Tension heightens in the film. The turmoil of nature reflects the loneliness of the architect and his feelings of guilt.

He thinks of his lost love Neva (Snezhina Petrova) and somehow expects a miracle after he drinks the tenth bottle of vodka. Because of her he left his wife Tanya and his children.

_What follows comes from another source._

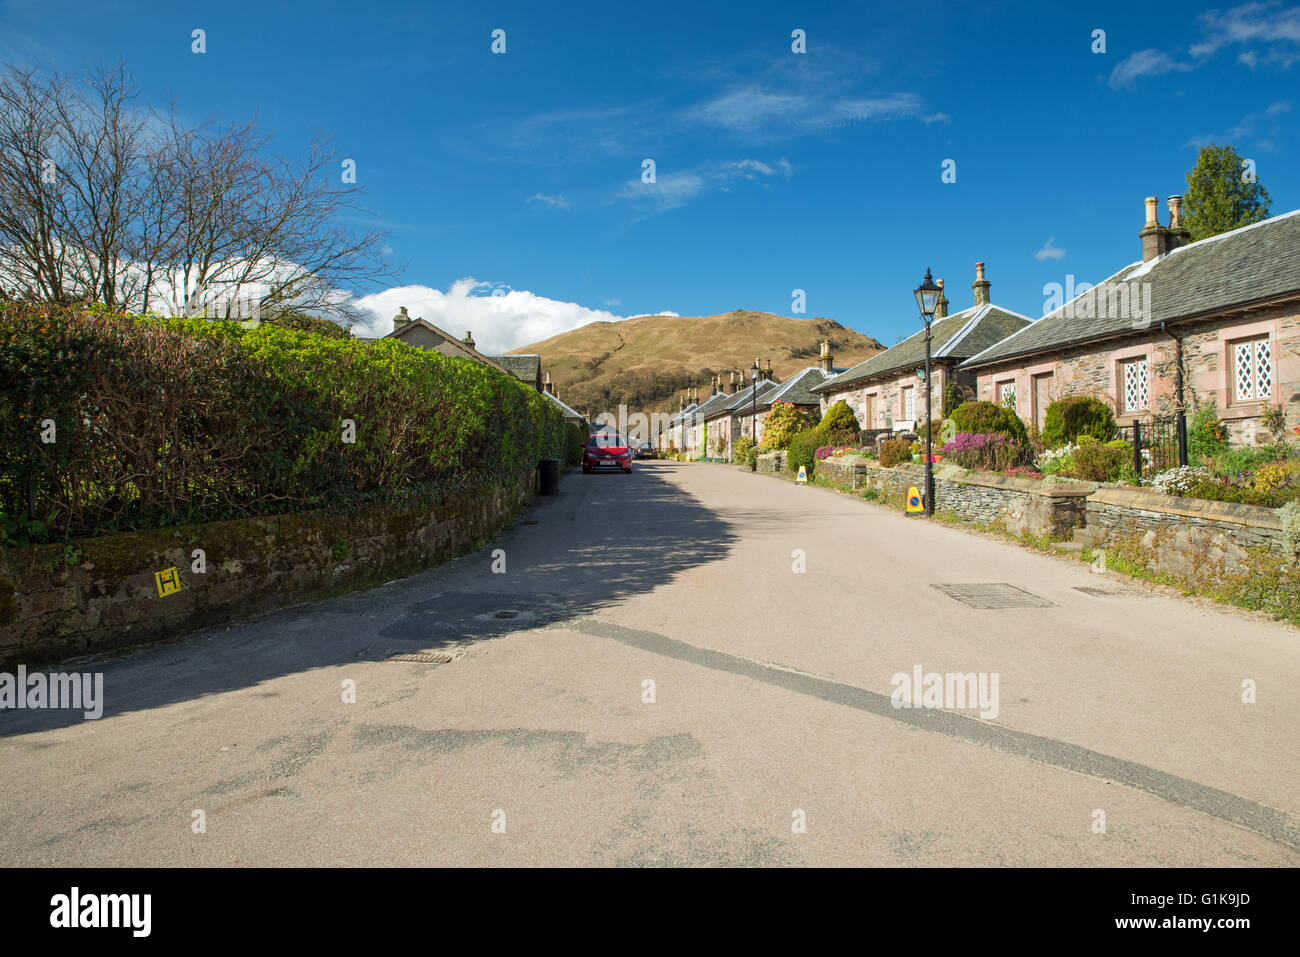 Luss Village Scotland United Kingdom - Stock Image

The structure of the film is non-linear, the past present and future are inter-connected and create a special atmosphere of ambiguity. The end of the film is unexpected and we find out that the friend Gina committed suicide by jumping into the sea.

Cast
 Deyan Donkov as Chavo
 Snezhina Petrova as Neva
 Svetla Yancheva as Gina
 Stefan Valdobrev as Doc
 Vassil Gurov as Ginji
 Veselin Mezekliev as Father
 Leonid Yovchev as Plamka
 Petya Silyanova as Mother
 Bilyana Kazakova as Nel
 Miroslava Gogovska as Tanichka
 André Chandelle as The Canadian 
 Joreta Nikolova as Denata
 Maria Simeonova as Gill

Production
The film was based on the novel of the same name by Ina Vultchanova published in 2007.
It was shot over five weeks in September and October 2013 in Sozopol, Ahtopol and Sinemorets.

Accolades
In October 2014, The Sinking of Sozopol received two awards at the 32nd Golden Rose Bulgarian Feature Film Festival in Varna; Best Actress award (Snejina Petrova) and Best Screenplay award (Ina Valchanova and Kostadin Bonev).

In May 2015 the film was nominated at the New York City International Film Festival in seven categories and won the award for the Best Foreign Film.

In July 2015 the film won an award Best Ensemble Cast at the Milano International Film Festival Awards.

In June 2015 the film won awards from the Bulgarian Film Academy in four categories.

In August 2016 the film won three awards at the Prague Independent Film Festival including the Grand Prix — Golden Eagle, Best Director for Kostadin Bonev and Best Cinematography for Konstantin Zankov.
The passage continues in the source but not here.